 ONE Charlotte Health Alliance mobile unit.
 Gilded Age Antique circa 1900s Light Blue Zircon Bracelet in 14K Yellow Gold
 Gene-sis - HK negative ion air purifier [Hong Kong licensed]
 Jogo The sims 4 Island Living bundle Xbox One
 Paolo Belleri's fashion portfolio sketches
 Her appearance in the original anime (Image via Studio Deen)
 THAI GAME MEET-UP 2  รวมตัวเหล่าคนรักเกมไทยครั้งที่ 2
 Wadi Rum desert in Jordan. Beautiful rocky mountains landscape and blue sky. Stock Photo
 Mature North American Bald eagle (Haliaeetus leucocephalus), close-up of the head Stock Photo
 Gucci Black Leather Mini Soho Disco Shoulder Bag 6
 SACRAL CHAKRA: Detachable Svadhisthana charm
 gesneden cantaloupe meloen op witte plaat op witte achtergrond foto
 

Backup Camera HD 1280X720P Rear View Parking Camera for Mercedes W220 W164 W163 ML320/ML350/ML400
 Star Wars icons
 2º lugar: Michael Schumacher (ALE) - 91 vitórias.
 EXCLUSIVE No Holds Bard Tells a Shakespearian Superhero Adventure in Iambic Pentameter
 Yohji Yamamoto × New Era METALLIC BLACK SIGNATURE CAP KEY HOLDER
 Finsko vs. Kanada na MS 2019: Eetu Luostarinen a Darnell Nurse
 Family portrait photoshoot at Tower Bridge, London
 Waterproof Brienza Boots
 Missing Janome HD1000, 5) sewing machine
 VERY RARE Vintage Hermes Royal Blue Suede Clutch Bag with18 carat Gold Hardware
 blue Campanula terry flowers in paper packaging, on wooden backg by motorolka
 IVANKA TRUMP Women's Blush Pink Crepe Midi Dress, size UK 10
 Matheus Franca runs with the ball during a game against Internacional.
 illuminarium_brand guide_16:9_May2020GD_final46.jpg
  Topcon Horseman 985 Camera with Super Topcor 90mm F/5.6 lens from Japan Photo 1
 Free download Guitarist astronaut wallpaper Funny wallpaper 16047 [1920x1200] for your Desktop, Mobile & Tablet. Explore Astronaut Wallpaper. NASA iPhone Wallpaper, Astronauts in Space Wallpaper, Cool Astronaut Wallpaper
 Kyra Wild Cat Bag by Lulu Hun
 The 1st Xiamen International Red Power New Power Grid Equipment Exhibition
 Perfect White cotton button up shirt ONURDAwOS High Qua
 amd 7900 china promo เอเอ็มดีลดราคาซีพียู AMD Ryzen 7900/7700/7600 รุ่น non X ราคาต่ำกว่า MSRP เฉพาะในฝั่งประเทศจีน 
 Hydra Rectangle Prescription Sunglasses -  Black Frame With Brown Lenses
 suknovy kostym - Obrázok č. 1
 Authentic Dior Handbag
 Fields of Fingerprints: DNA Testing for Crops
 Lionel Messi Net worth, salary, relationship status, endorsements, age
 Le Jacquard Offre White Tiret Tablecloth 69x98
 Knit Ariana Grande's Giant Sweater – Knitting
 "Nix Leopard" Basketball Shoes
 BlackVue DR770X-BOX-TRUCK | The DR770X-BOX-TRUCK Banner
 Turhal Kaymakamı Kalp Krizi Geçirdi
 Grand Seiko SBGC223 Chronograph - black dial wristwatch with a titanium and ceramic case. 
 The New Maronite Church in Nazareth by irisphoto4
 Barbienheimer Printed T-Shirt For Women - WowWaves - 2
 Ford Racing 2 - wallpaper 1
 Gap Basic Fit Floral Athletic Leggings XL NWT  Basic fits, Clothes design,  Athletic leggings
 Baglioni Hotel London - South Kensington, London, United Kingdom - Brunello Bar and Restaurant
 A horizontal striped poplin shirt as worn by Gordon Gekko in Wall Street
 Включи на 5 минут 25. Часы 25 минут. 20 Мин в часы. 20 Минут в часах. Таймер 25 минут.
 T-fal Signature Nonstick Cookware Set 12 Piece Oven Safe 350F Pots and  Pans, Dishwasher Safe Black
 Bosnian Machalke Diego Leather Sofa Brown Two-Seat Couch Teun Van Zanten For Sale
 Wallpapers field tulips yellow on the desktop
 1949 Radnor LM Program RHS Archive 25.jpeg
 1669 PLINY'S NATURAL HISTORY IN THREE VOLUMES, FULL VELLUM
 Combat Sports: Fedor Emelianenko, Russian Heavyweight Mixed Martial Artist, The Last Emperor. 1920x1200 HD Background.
# # # #
• ACTIVITY: With the line holding "Missing Janome HD1000, 5) sewing machine" as the first and the line holding "Matheus Franca runs" as the last, set down that range of the entries above exactly, and nothing else.

• ANSWER TO THIS EXERCISE:
 Missing Janome HD1000, 5) sewing machine
 VERY RARE Vintage Hermes Royal Blue Suede Clutch Bag with18 carat Gold Hardware
 blue Campanula terry flowers in paper packaging, on wooden backg by motorolka
 IVANKA TRUMP Women's Blush Pink Crepe Midi Dress, size UK 10
 Matheus Franca runs with the ball during a game against Internacional.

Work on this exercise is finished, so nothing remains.